The government has been urged to improve disappointing heat pump uptake rates by pushing ahead with projects to rebalance levies placed on gas and electricity bills.

Earlier this week, Ofgem unveiled figures showing a £61 million underspend on the 2023/24 budget for the Boiler Upgrade Scheme (BUS).

This is less than two-thirds of the £150 million annual budget earmarked for the BUS, which provides grants for homeowners replacing fossil fuel boilers with heat pumps.

It was the second year in succession that the BUS has not hit its target with just £51 million worth of grants dished out in the ten-month period that the scheme was operating during 2022/23.

The latest figures also follow last November’s move by the government to increase the size of individual BUS grants from £5,000 to £7,500.

Bean Beanland, director for growth & external affairs at the Heat Pump Federation (HPF), told Utility Week that the annual figures did not reflect the “month on month growth” growth in BUS take-up since the 50% increase in grant levels.

In addition, he said that there has been a wider “hiatus” in heat pump sales, which fell by 4% across Europe last year and has been blamed on wider cost of living increases.

But the main factor hindering uptake of heat pumps is the continuing “spark gap” between electricity and gas prices due to the additional environmental and social policy costs and levies, which apply to the former but not the latter, Beanland said.

The government pledged last year to set out plans to rebalance electricity and gas costs during 2023/24 but has yet to do so with proposals understood to have been presented to energy secretary Claire Coutinho.

Junior energy minister Lord Callanan told the House of Lords last month that a consultation on rebalancing energy costs would be published “later this year”.

Beanland warned that significant growth in heat pump sales will not materialise unless the government publishes a really favourable consultation that shifts policy costs from electricity.

He added: “There’s no visibility or vision for consumers to latch on to that says that electrification is going to be cheaper for them ultimately.”

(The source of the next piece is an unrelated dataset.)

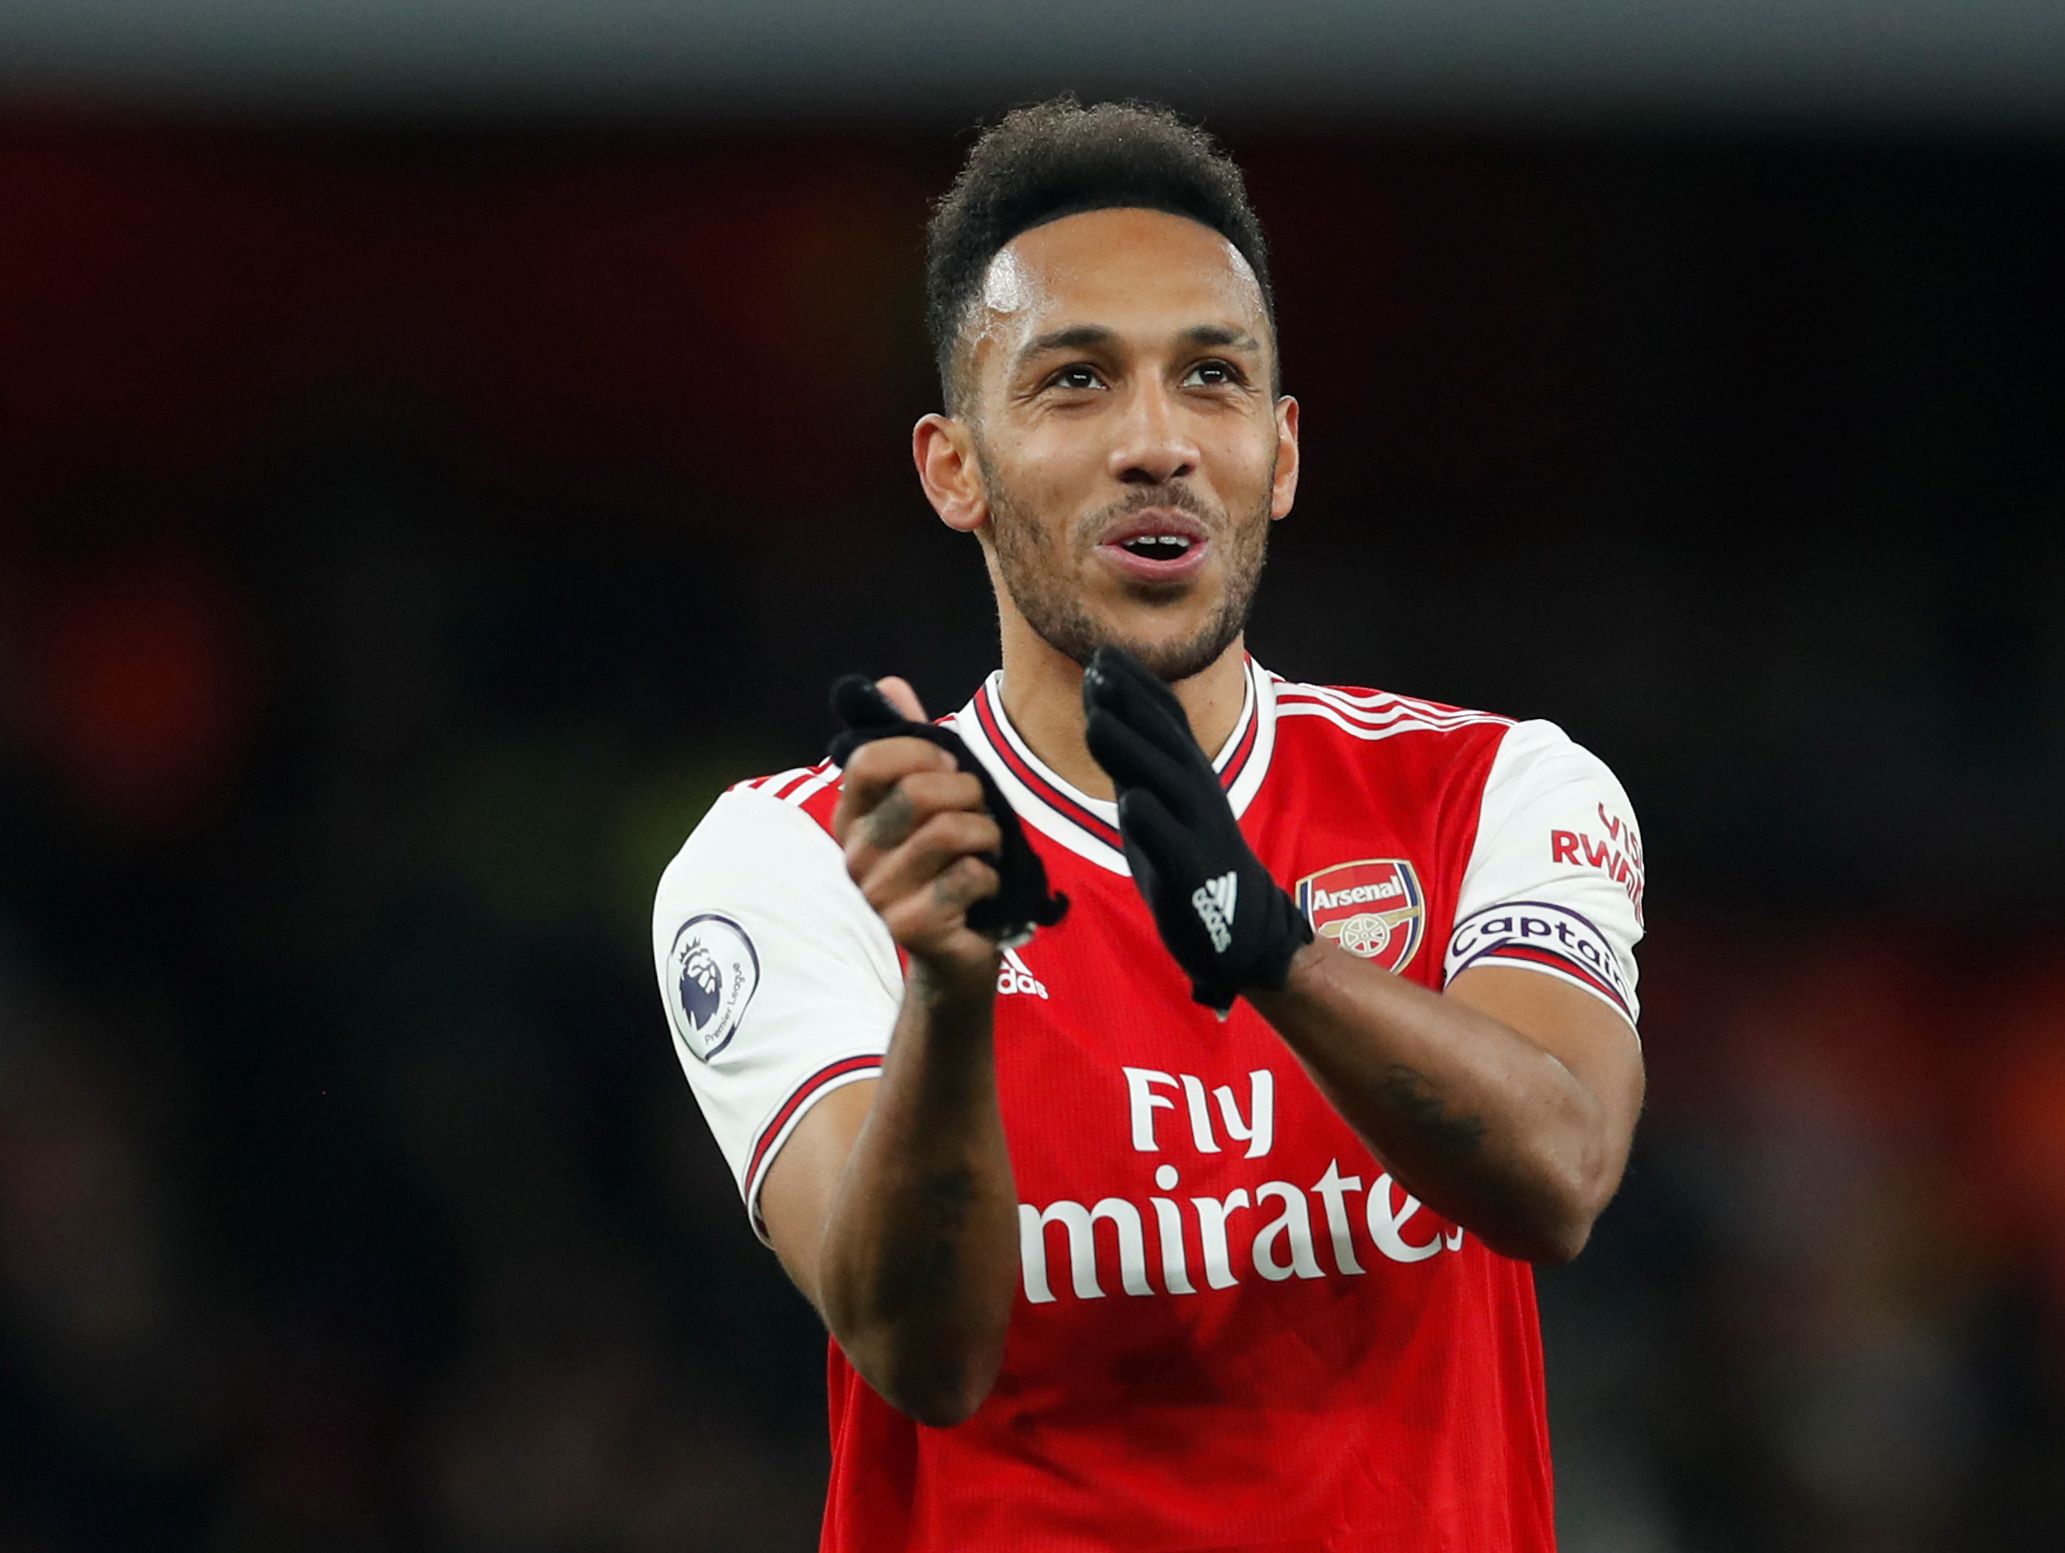 Soccer Football - Premier League - Arsenal v Everton - Emirates Stadium, London, Britain - February 23, 2020   Arsenal's Pierre-Emerick Aubameyang applauds fans after the match   REUTERS/David Klein    EDITORIAL USE ONLY. No use with unauthorized audio, video, data, fixture lists, club/league logos or

Beanland, who predicted last year that this year’s BUS budget would be “blown” due to increased applications, also said the HPF wants the unspent funding to be brought forward into this year’s pot rather than letting the Treasury claw it all back as is normal government practice.

Charlotte Lee, CEO of the Heat Pump Association, said it was “disappointing” that the BUS budget was not fully spent for the second year.

However, she said that the figures should be set against the “backdrop” of a 125% growth in UK heat pump sales over the past six years.

She added: Since the grant uplift, we have witnessed a steady and consistent increase in applications to the scheme averaging just over 2,000 applications each month between November 2023 and March 2024.

“If this end-of-year trend continues, we anticipate that the Year 3 budget (£150m in 2024-25) will be spent in full.”